The experiment entrypoint function.

curifactory.experiment.collect_parameter_sets(manager, param_files: list, overwrite_override: bool, parallel: int, param_set_names: list, param_set_indices_resolved: list, dry: bool, store_full: bool, parallel_mode: bool)

Load the requested parameter files, run their get_params, and filter down based on any other relevant CLI args.

curifactory.experiment.list_experiments()

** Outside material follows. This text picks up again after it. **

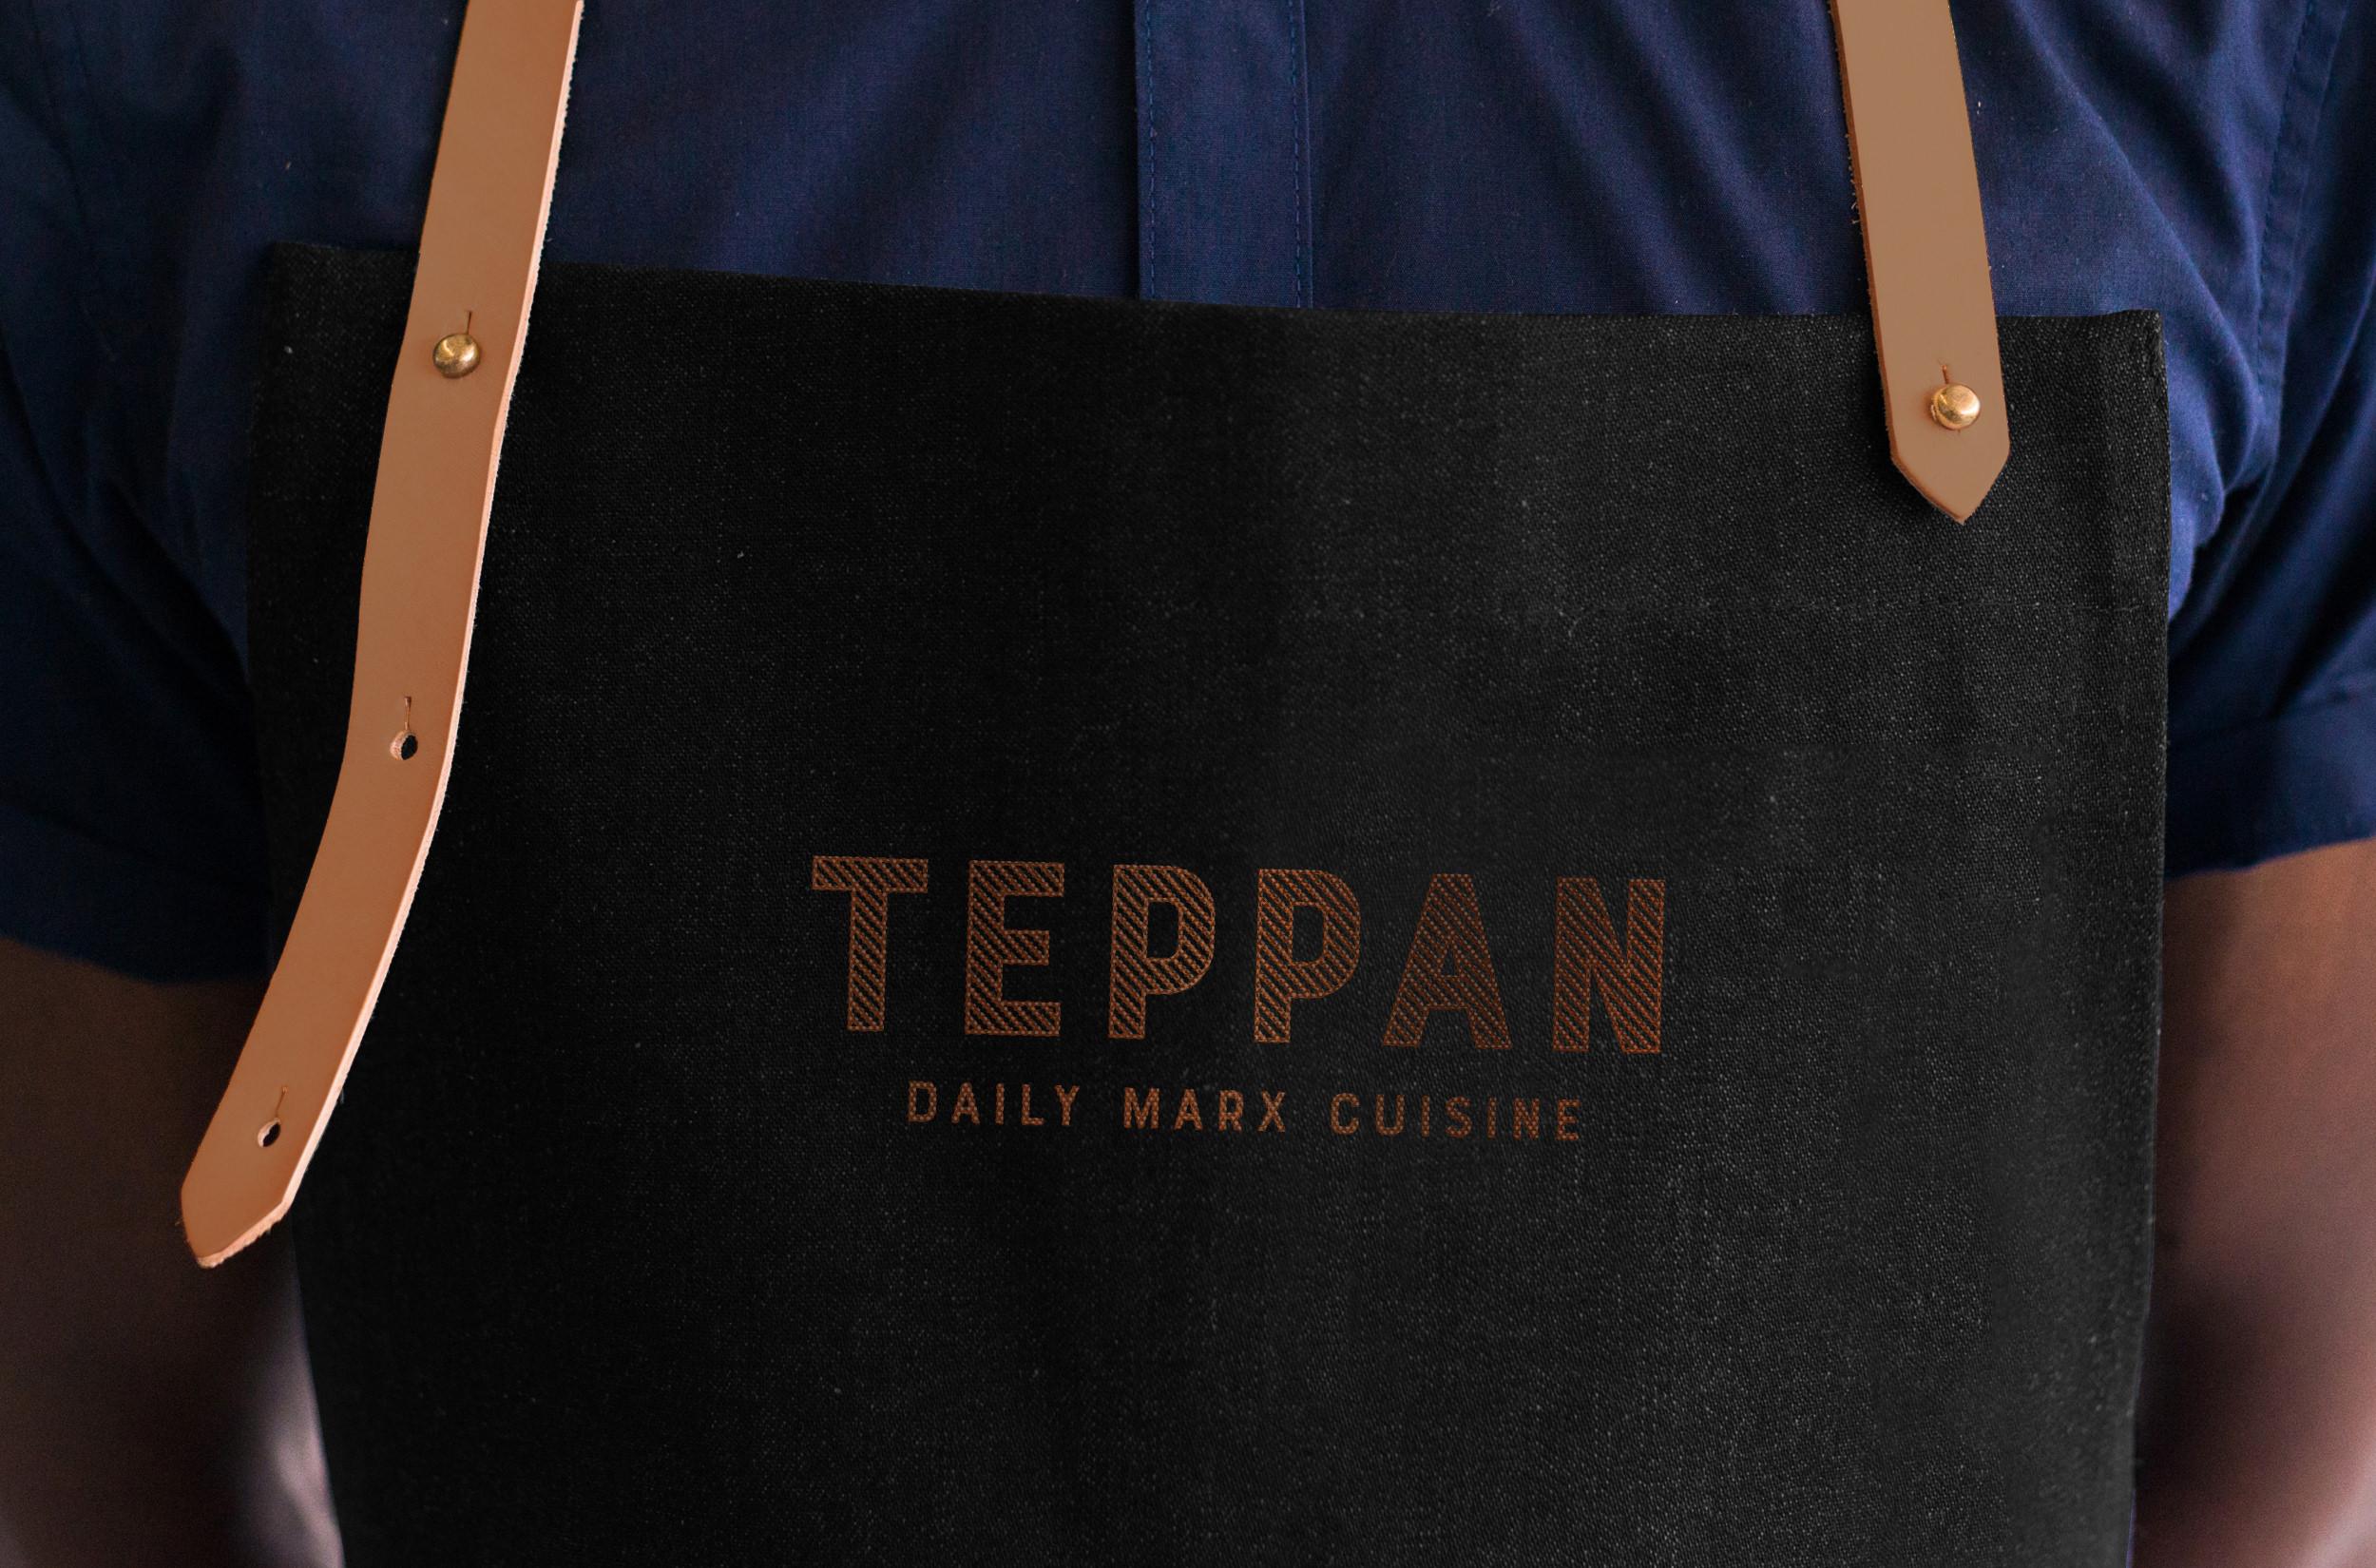 Teppan - 2

Print out all valid experiments that have a def run() function, including any top-of-file docstrings associated with each.

curifactory.experiment.list_params()

Print out all valid parameter files that have a def get_params() function, including any top-of-file docstrings associated with each.

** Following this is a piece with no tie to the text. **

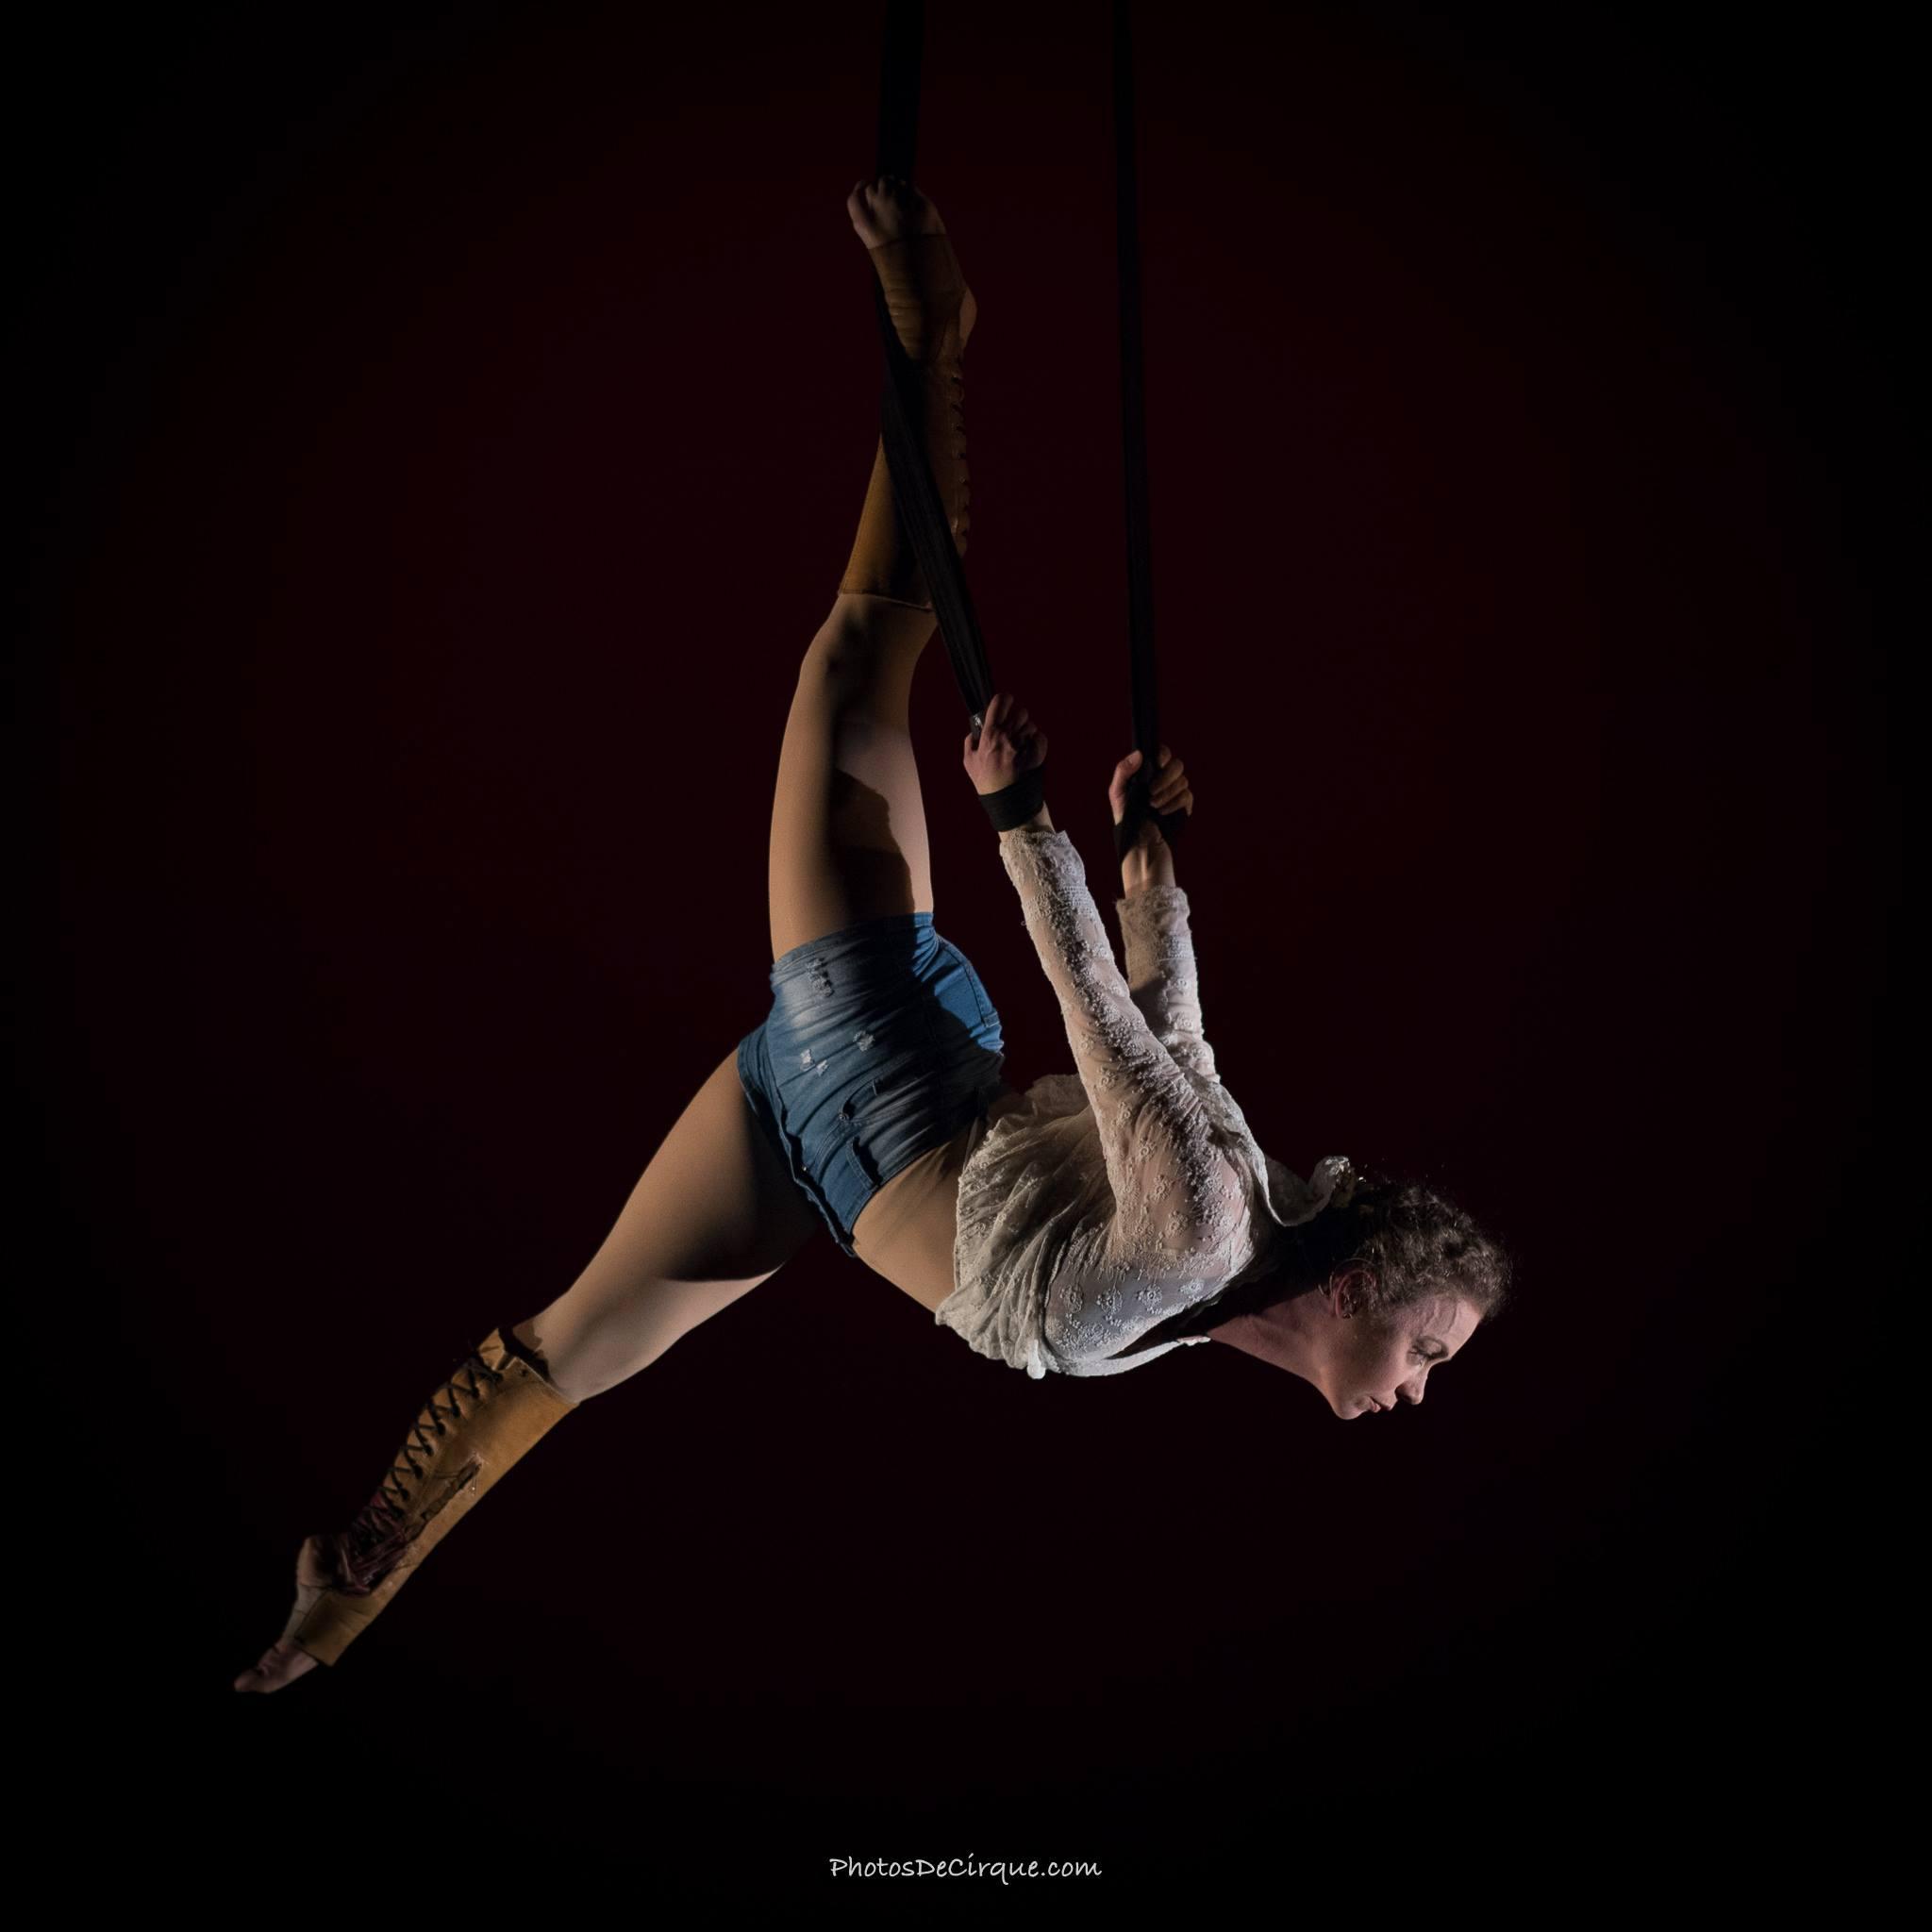 PersephoneBound_5_Leda Davies_PhotoCredit_Jim Mneymneh_aerial_straps_circus_theatre

curifactory.experiment.regex_lister(module_name, regex, try_import=True)

Used by both list_experiments and list_params. This scans every file in the passed folder for the requested regex, and tries to import the files that have a match.

curifactory.experiment.run_experiment(experiment_name, param_files=None, overwrite_override=None, cache_dir_override=None, mngr: Optional[curifactory.manager.ArtifactManager] = None, log: bool = False, log_debug: bool = False, dry: bool = False, dry_cache: bool = False, store_full: bool = False, log_errors: bool = False, prefix: Optional[str] = None, build_docker: bool = False, build_notebook: bool = False, run_string: Optional[str] = None, stage_overwrites: Optional[list] = None, param_set_names: Optional[list] = None, param_set_indices: Optional[list] = None, global_param_set_indices: Optional[list] = None, parallel: Optional[int] = None, parallel_mode: bool = False, parallel_lock: Optional[multiprocessing.context.BaseContext.Lock] = None, parallel_queue: Optional[multiprocessing.context.BaseContext.Queue] = None, run_num_override: Optional[int] = None, run_ts_override: Optional[datetime.datetime] = None, lazy: bool = False, ignore_lazy: bool = False, no_dag: bool = False, map_only: bool = False, hashes_only: bool = False, print_params: Union[bool, str] = False, no_color: bool = False, quiet: bool = False, progress: bool = False, plain: bool = False, notes: Optional[str] = None, all_loggers: bool = False)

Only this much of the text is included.